Hefty bad debt provisions, coupled with a low-win percentage in its VIP business, sent Genting Singapore’s fourth-quarter net profit tumbling 36% year on year to S$89.2 million (US$65,5 million), reports the Straits Times.
Analysts believe the bad debts may have been incurred by Chinese high-rollers unwilling or unable to pay their gambling debts owing to tighter credit conditions as the Chinese economy slows.
Revenues for the quarter slid 8% to $637.9 million.
A larger-than-expected bad debt provision of nearly $82 million hit the Resorts World Sentosa operator’s earnings. Bad debt provisions for the full year jumped 42% to $262 million year on year.
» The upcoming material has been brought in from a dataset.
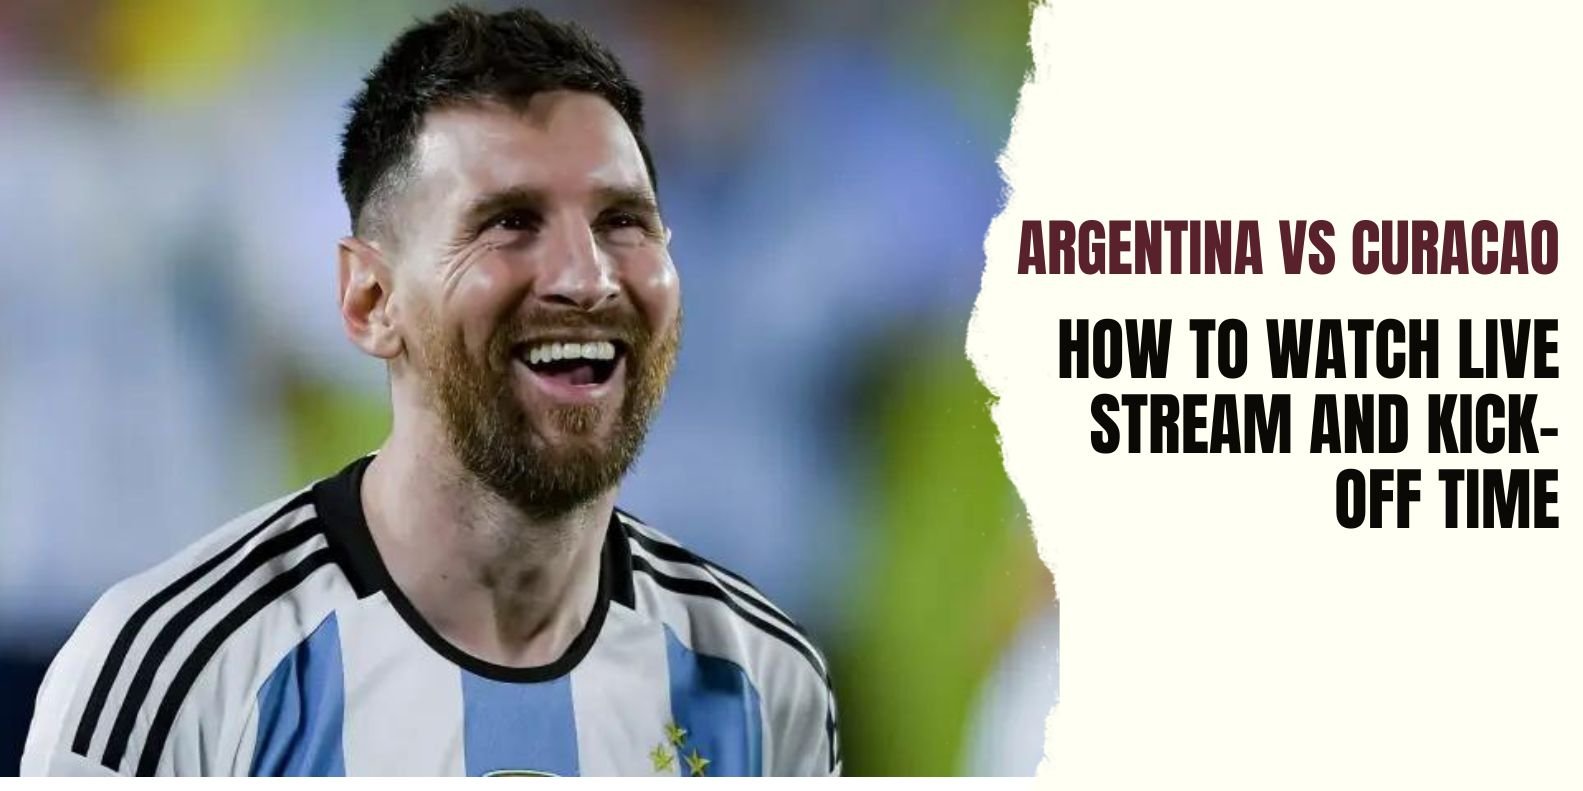 Argentina vs Curacao How to Watch Live Stream and Kick-off Time

Union Gaming Research Macau analyst Grant Govertsen said: “The tone struck by management with respect to current trends – especially in the VIP market – was much more negative than that of its Macau-based peers, which perhaps is a function of Genting Singapore only able to conduct VIP business on a direct basis, rather than via the junket system like in Macau. All in, the company does not expect to see any material signs of life in its VIP segment for the whole of 2015.”
Gaming revenue dipped 9% in the fourth quarter to $461.3 million from a year earlier as Genting scaled back on credit extensions to Chinese high-rollers. An analyst with a bank-backed brokerage, who declined to be named, said: “Gaming debts are not as easily enforceable in China, compared with other parts of Asia.”
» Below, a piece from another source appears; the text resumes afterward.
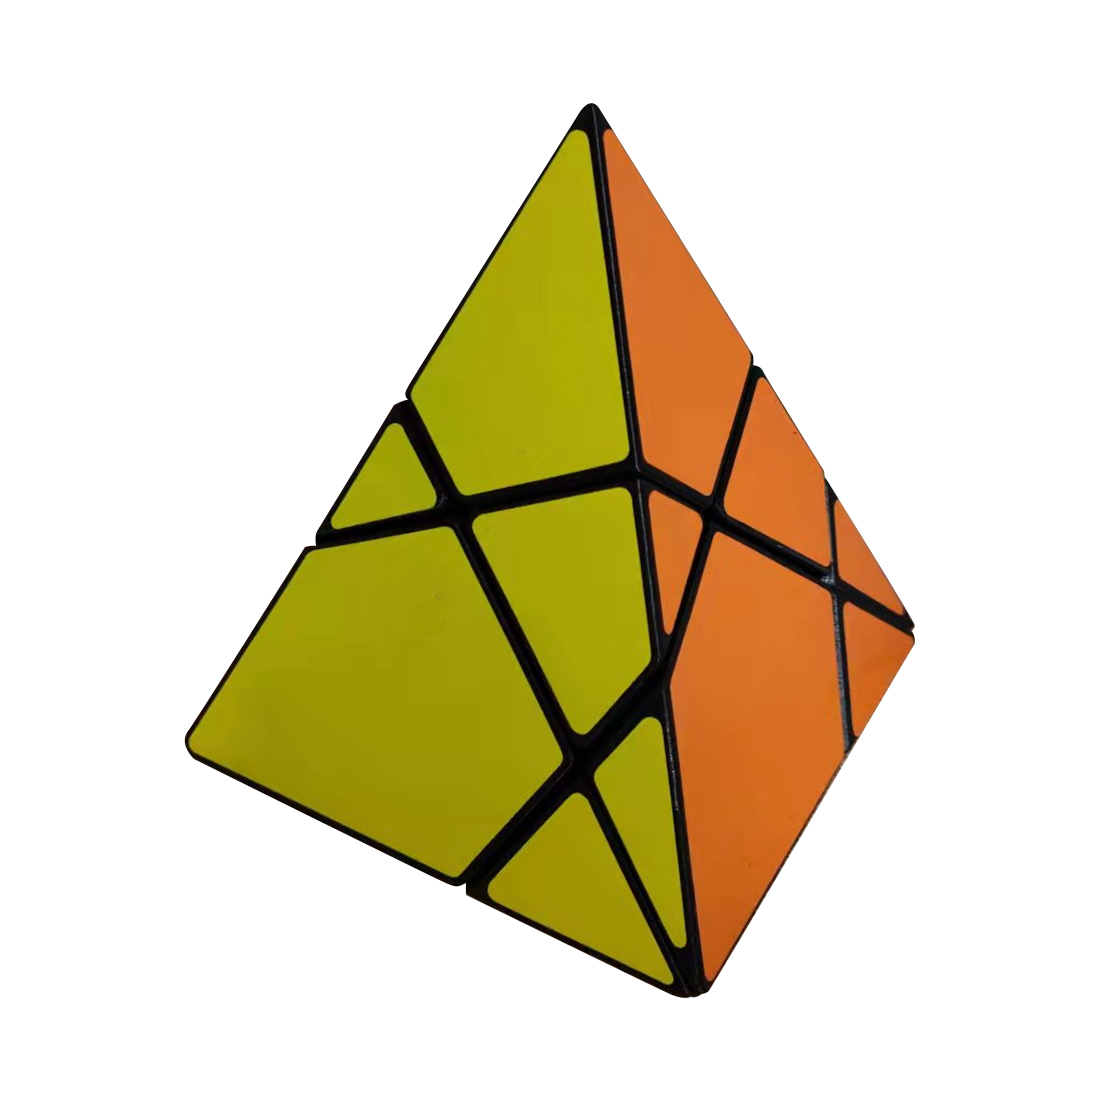 3x3 Pentahedron Pyramid Tower Cube（Fisher Based）

Genting saw its earnings before interest, tax, depreciation and amortisation (Ebitda) slide 24% to $190.2 million as its premium player business underperformed due to a “significant below-average win percentage and rolling volume”.
RWS’ win percentage, or hold rate – the portion the casino retains on a $1 bet – was 2.2% for the quarter, the analyst said.
So for every $1 wagered by VIP gamblers, the casino made 2.2 cents. In contrast, Genting’s rival, Marina Bay Sands, fared better with a win percentage of 3.6% for the quarter.
Indeed, MBS surprised the market with an Ebitda of US$518.5 million (S$704.8 million) for the fourth quarter, more than double that of a year earlier, while its revenue jumped 27% to US$838.6 million, on the back of casino revenue increasing 34% to US$674.4 million.
Mr Tan Hee Teck, president and chief operating officer of Genting Singapore, outlined the challenges facing the firm.
“The business environment around us has changed rapidly and we face stiff competition… In recent months, the macro-economic ecosystem has been altered to an extent that the gaming industry has to adjust to a new norm. RWS has been reorganising its gaming programmes to focus marketing initiatives towards the foreign premium mass and mass market segments.”
Earnings per share for the quarter was 0.73 of a cent, down from 1.15 cents a year earlier, while net asset value was 61.1 cents as at Dec 31, up from 60 cents a year earlier. The group proposed a final dividend of one cent a share.
Genting’s non-gaming revenues fell 4% to $176 million for the quarter, while its hotel business saw a 93% occupancy, with average daily room rate at $422.
“The attractions businesses welcomed more than six million visitors in 2014. RWS expects non-gaming earnings to post growth in 2015 as the travel industry climbs out of a difficult year,” Mr Tan said.
Meanwhile, Mr Goh Chye Boon, RWS’ executive vice-president of operations, has resigned to pursue other opportunities.
Mr David Sisk has been appointed as chief operating officer and will report directly to Mr Tan.
Mr Sisk, who has more than 20 years of gaming industry experience in Las Vegas and Macau, joined RWS in last September. He had been chief financial officer of Caesars Palace and Wynn Las Vegas, and chief operating officer at Sands China.